WHAT IS EXPECTED -> The data below is to be repeated in full, exactly as given.

----- ENTRIES PROVIDED -----

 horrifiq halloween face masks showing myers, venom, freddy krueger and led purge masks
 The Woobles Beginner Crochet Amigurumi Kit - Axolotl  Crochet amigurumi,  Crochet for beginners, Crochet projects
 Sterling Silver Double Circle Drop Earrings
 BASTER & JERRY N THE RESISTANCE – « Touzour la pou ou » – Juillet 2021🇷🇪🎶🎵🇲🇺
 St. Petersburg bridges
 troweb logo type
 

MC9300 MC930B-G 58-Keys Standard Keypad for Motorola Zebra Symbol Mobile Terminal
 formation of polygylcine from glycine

-----

REPLY ->
 horrifiq halloween face masks showing myers, venom, freddy krueger and led purge masks
 The Woobles Beginner Crochet Amigurumi Kit - Axolotl  Crochet amigurumi,  Crochet for beginners, Crochet projects
 Sterling Silver Double Circle Drop Earrings
 BASTER & JERRY N THE RESISTANCE – « Touzour la pou ou » – Juillet 2021🇷🇪🎶🎵🇲🇺
 St. Petersburg bridges
 troweb logo type
 

MC9300 MC930B-G 58-Keys Standard Keypad for Motorola Zebra Symbol Mobile Terminal
 formation of polygylcine from glycine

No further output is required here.